Perdoem a ignorância...


----------



## Vince (3 Out 2007 às 11:18)

Olá,

Esse é um grande e velho problema que temos há imenso tempo.
Radar não há nada a fazer, depende do IM, um dia alguém acabará por explicar o porquê de só haver actualizações de 30m e do respectivo atraso.
Como sou optimista, acho que como o uso do radar tem aumentado muito nos últimos anos por parte da população, o IM acabará por melhorar essa questão, pois eles sabem provavelmente muito melhor do que nós que isso tem que ser melhorado.

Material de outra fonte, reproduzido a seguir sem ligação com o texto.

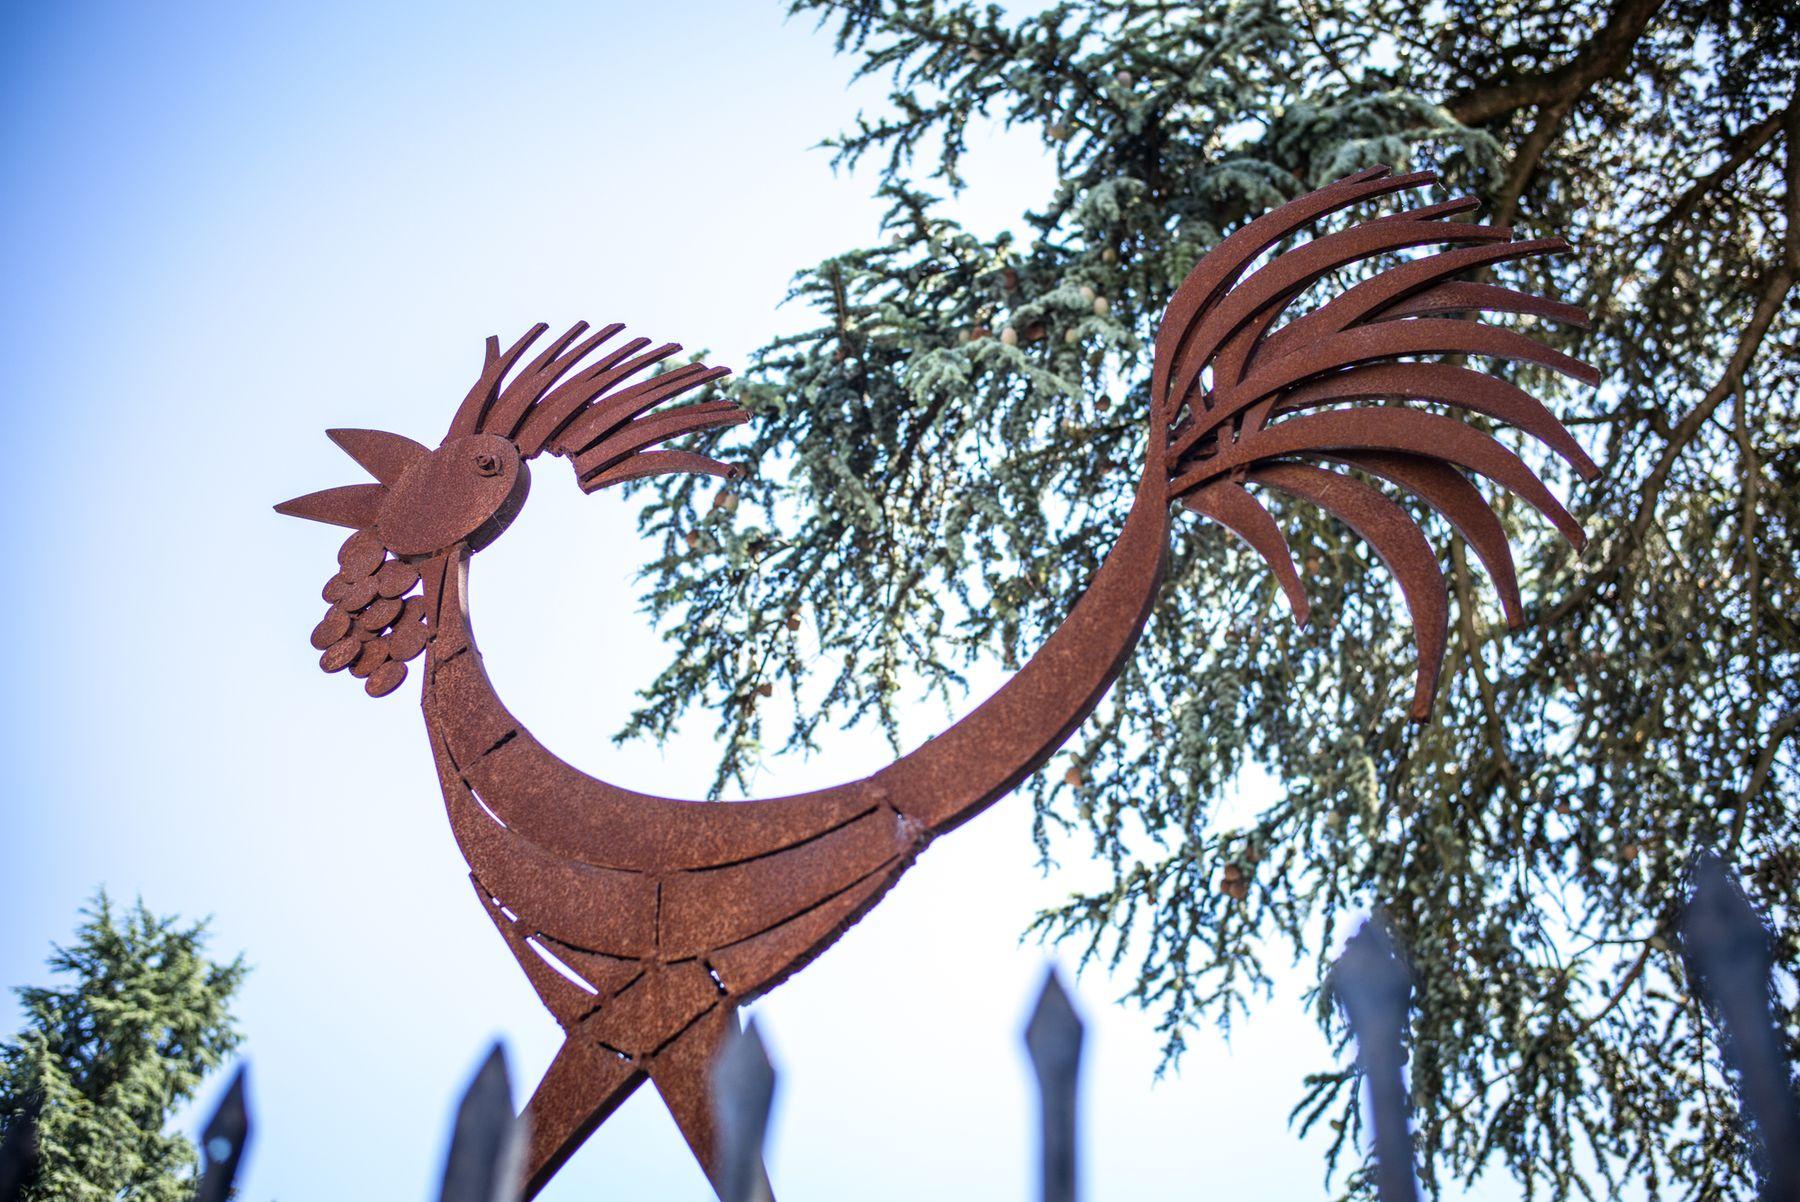 Le coq - sculpture offerte par la ville de Fossalata du Portogruaro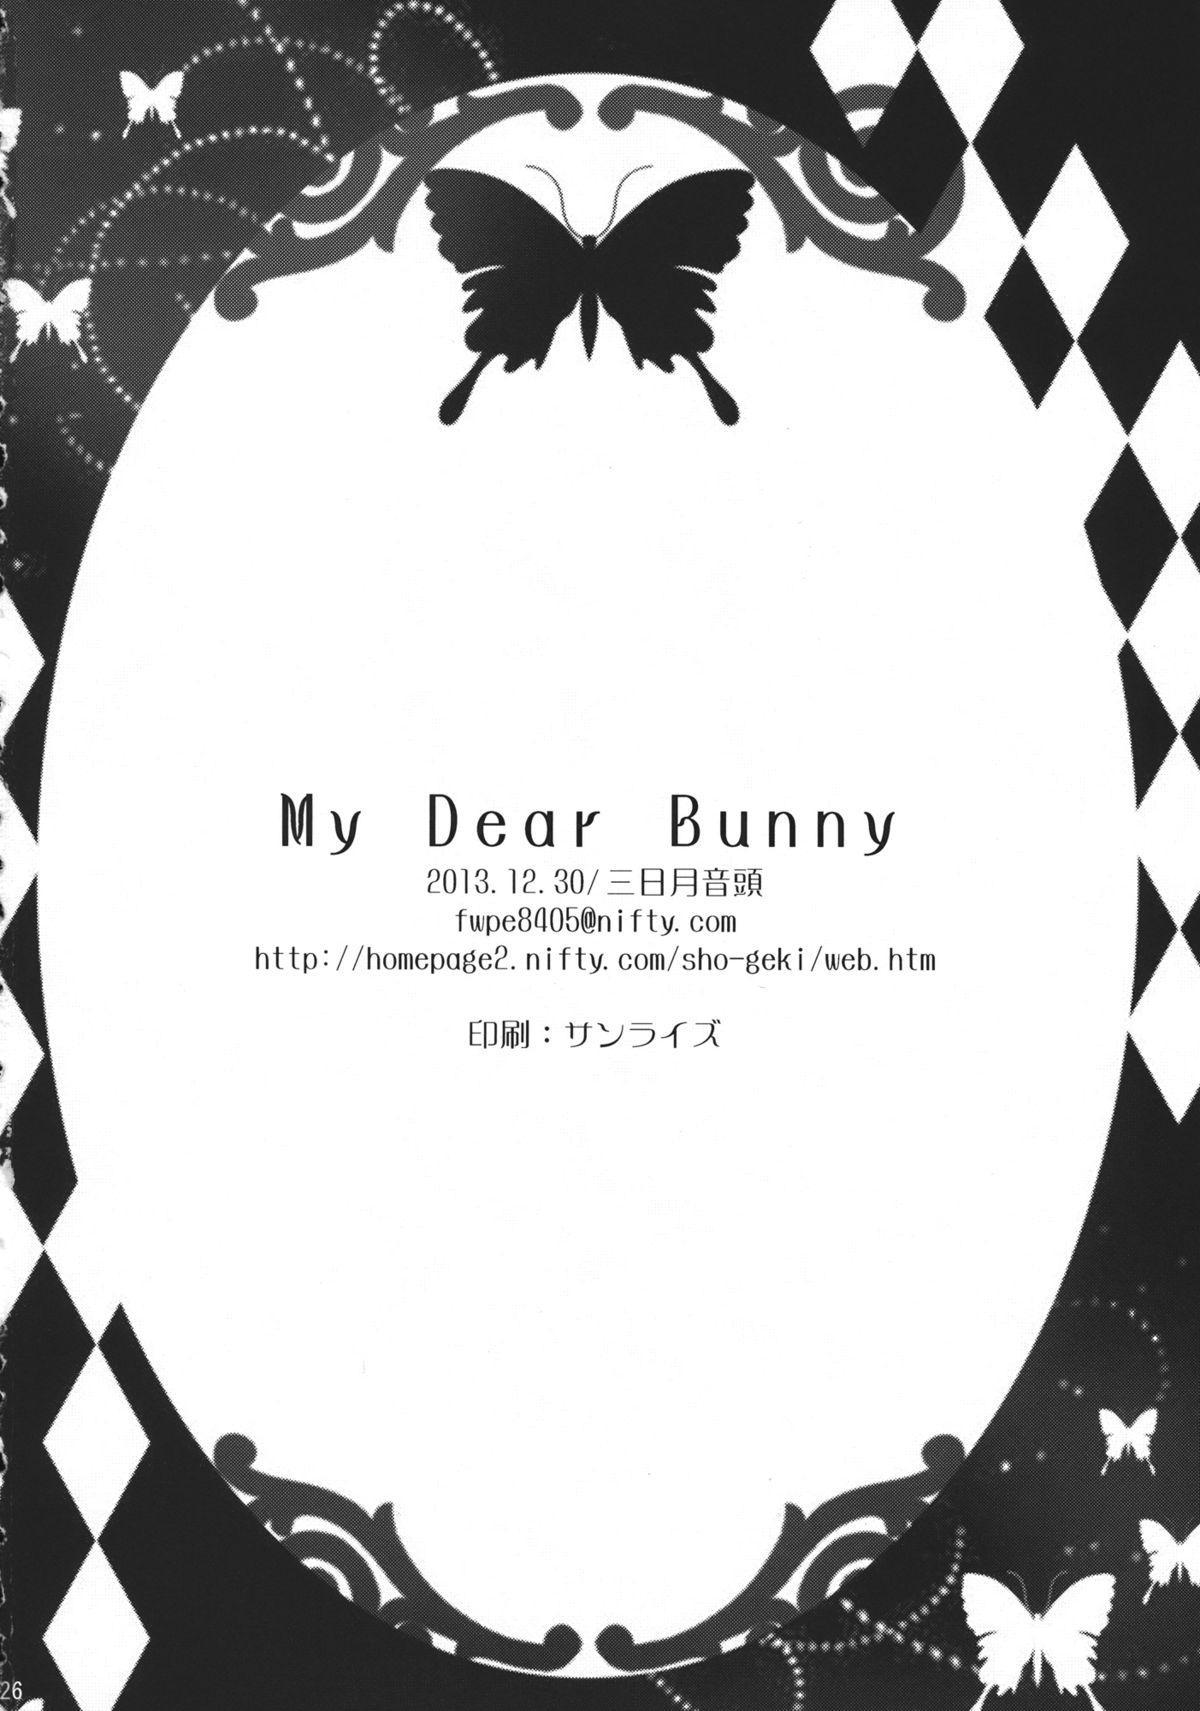 My Dear Bunny 24

Quanto ao satélite, não é um problema nosso, é comum a toda a Europa, e tem a ver com limitações da Eumetsat. Isto relativamente a actualizações mais frequentes (15m por ex.), que relativamente ao atraso, penso que o IM também poderá/deverá melhorar essa parte.
Para essas imagens de hora a hora, há muitos sites com atraso mínimo, podes usar o próprio site da Eumetsat:
http://www.eumetsat.int/Home/Main/Image_Gallery/Real-time_Images/index.htm?l=en
http://fr.allmetsat.com/images/europe.php

Actualizações frequentes (15m), de vez em quando aparecem sites como estes (ver em baixo), mas tal como tem aparecido outros no passado, como devem ser piratas, principalmente o Sat24, mais dia menos dia acabam. É aproveitar enquanto dura.

http://www.sat24.com/
http://www.meteoam.it/satelliti/nefo/nefomedi.gif

*PS:* Vai passando pelo tópico Sites sobre meteorologia, que é onde normalmente vamoscolocando link's para sites úteis.


----------



## seqmad (3 Out 2007 às 18:34)

Obrigado pelas dicas.

Entretanto e quanto às imagens de radar, verifiquei que o INM de Espanha actualiza em 15 minutos, com imagens dos 20 e 50 min. de cada hora. Os radares de Cáceres e Sevilha cobrem o nosso Sul e Centro, excepto faixa costeira ocidental, sempre podem ser úteis, desde que não seja para acompanhar circulações atmosféricas de oeste... por exemplo ontem davam perfeitamente em relação ao Algarve e Alentejo...


----------